Beyond External Guidance:
Unleashing the Semantic Richness Inside Diffusion Transformers for Improved Training
Lingchen Sun1,2 | Rongyuan Wu1,2 | Zhengqiang Zhang1 | Ruibin Li1 | Yujing Sun1,2 | Shuaizheng Liu1,2 | Lei Zhang1,2
1The Hong Kong Polytechnic University, 2OPPO Research Institute
Both shallower and deeper layers gradually learn more discriminative patterns over time, but the shallower layer progresses very slowly. This indicates that the slow convergence of DiT is mainly due to the difficulty in learning clean and semantically rich features in shallow layers.

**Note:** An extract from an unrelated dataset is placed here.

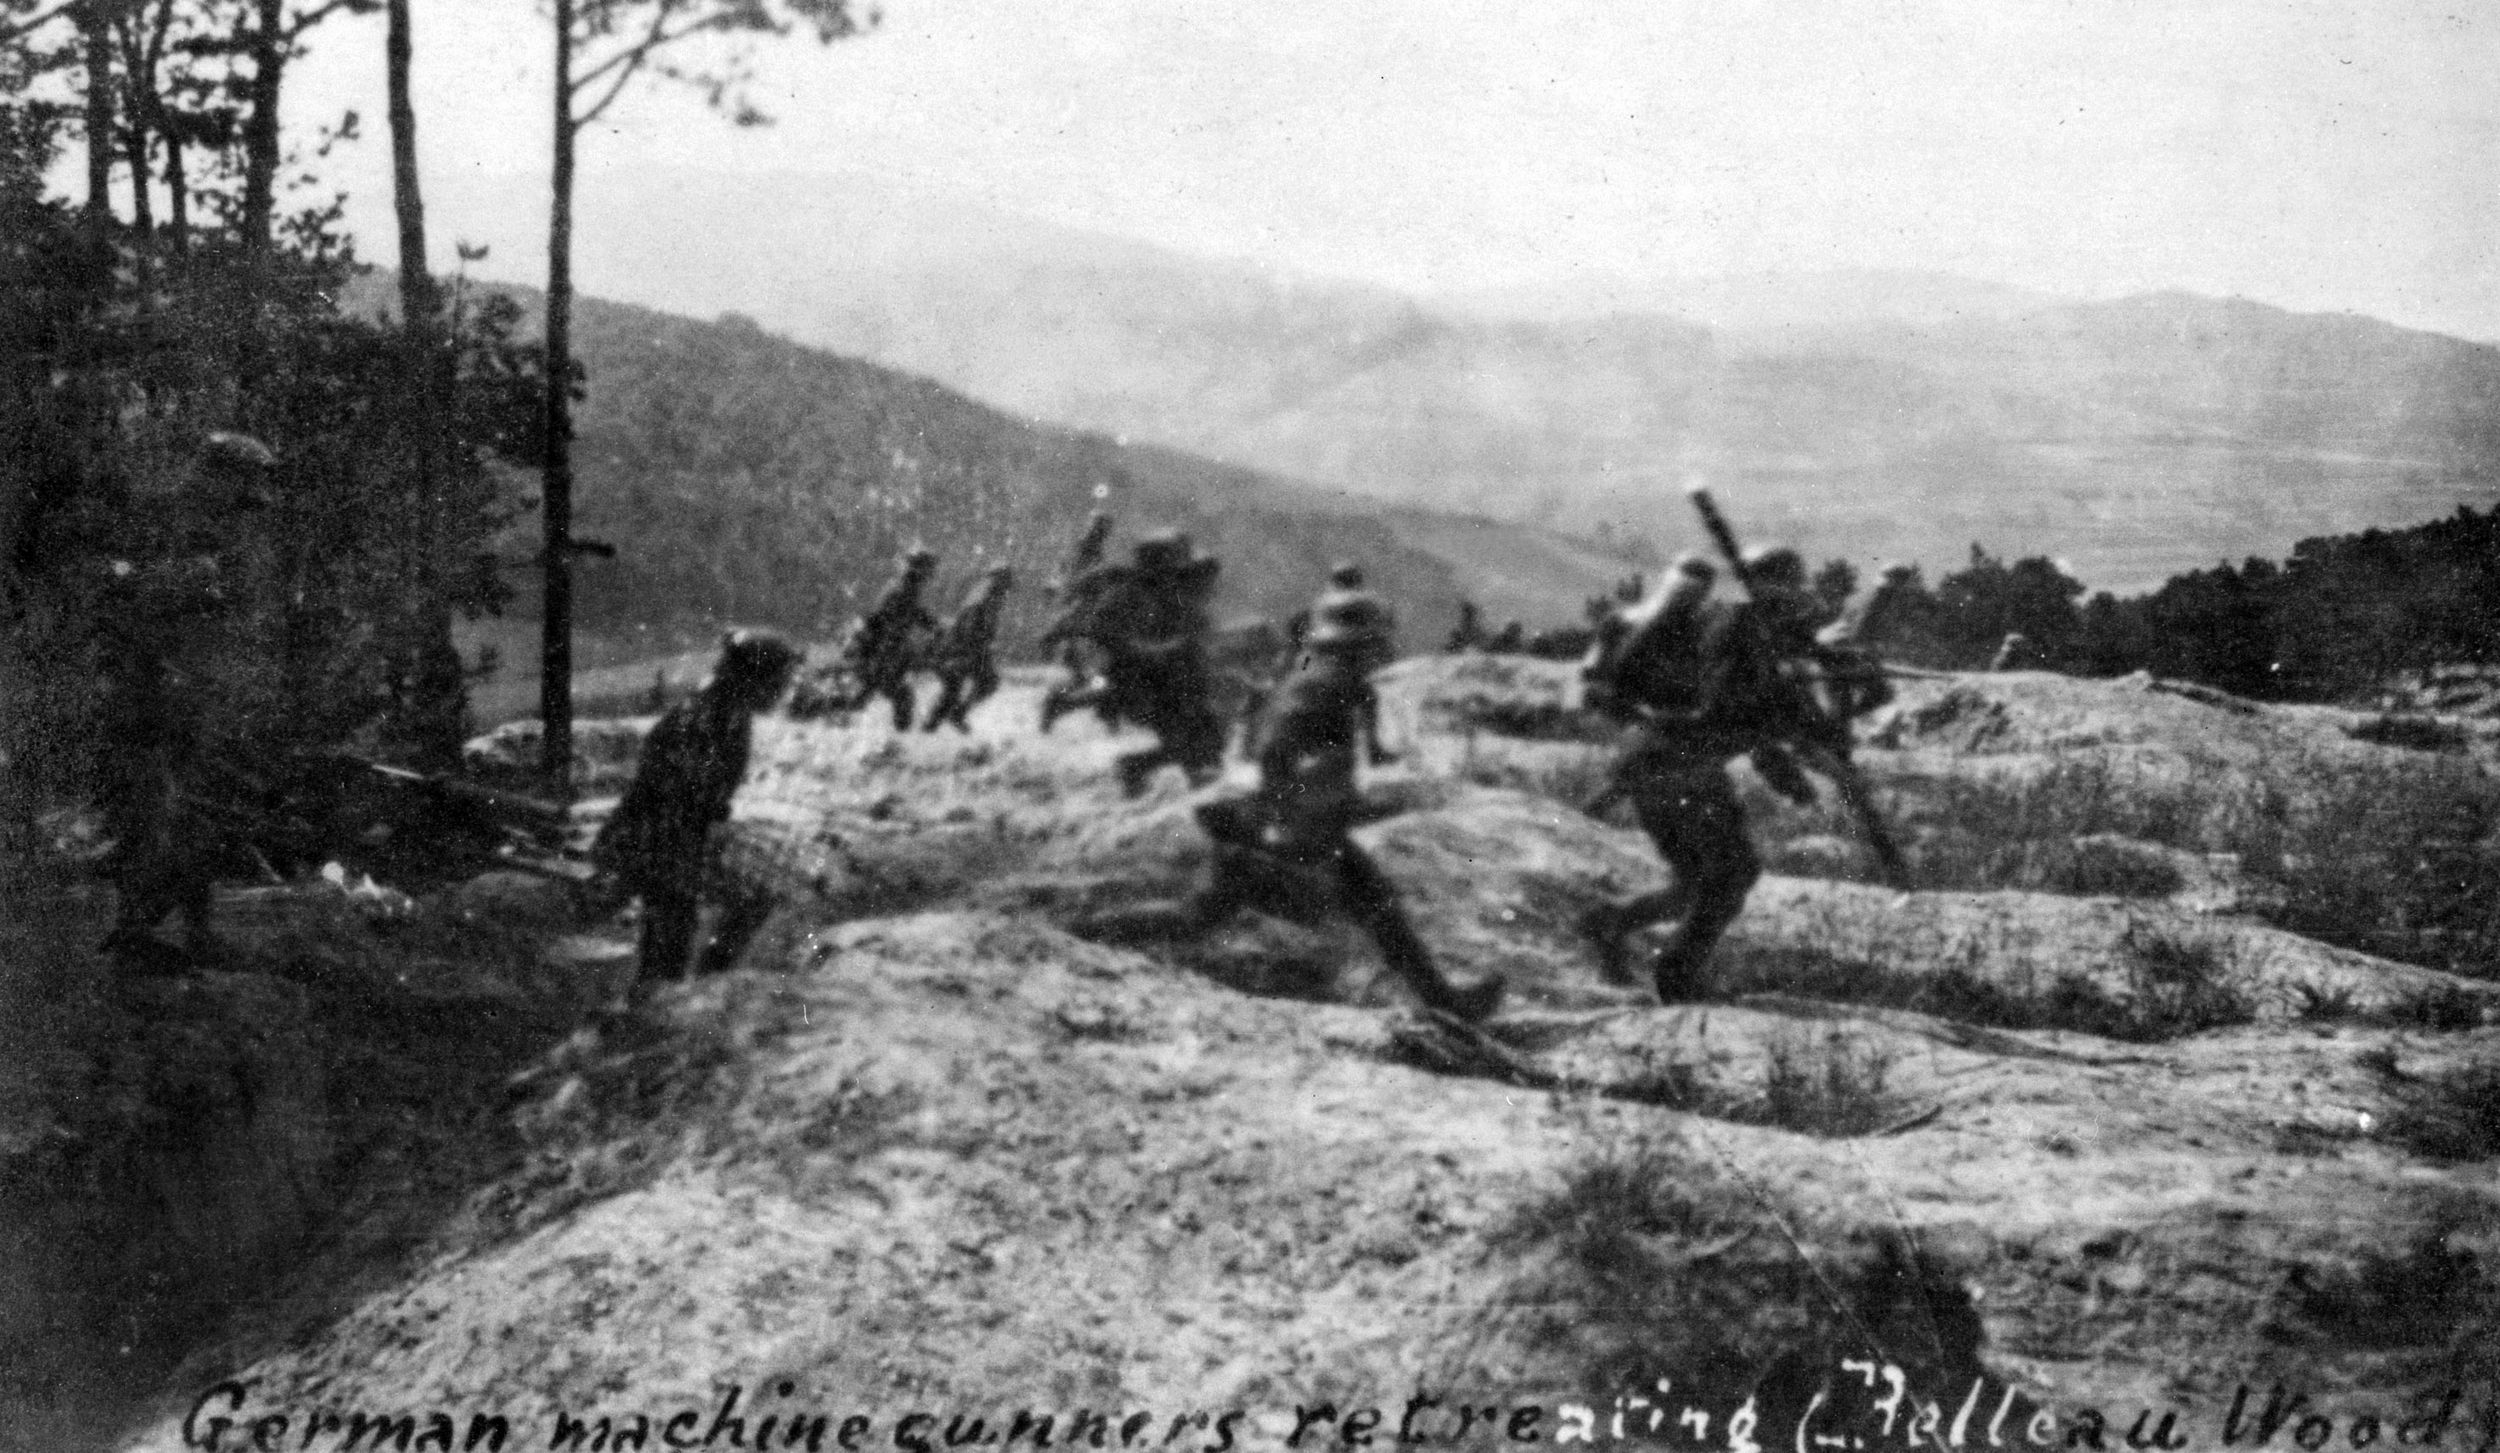 German machine gunners in full flight from American troops at Belleau Wood.

We answer this question: Can internal features be used as effective semantic guidance signals to guide the shallow layers' training? and introduce Self-Transcendence, a simple yet effective self-guided training strategy achieving REPA-level performance without any external feature supervision. Our proposed approach produces more discriminative and semantically richer features than pre-trained DINO used in REPA. Our method significantly improves training efficiency and generation quality, acheiving FID=1.25 at just 400 epochs.
- 2026.1.12: The paper and this repo are released.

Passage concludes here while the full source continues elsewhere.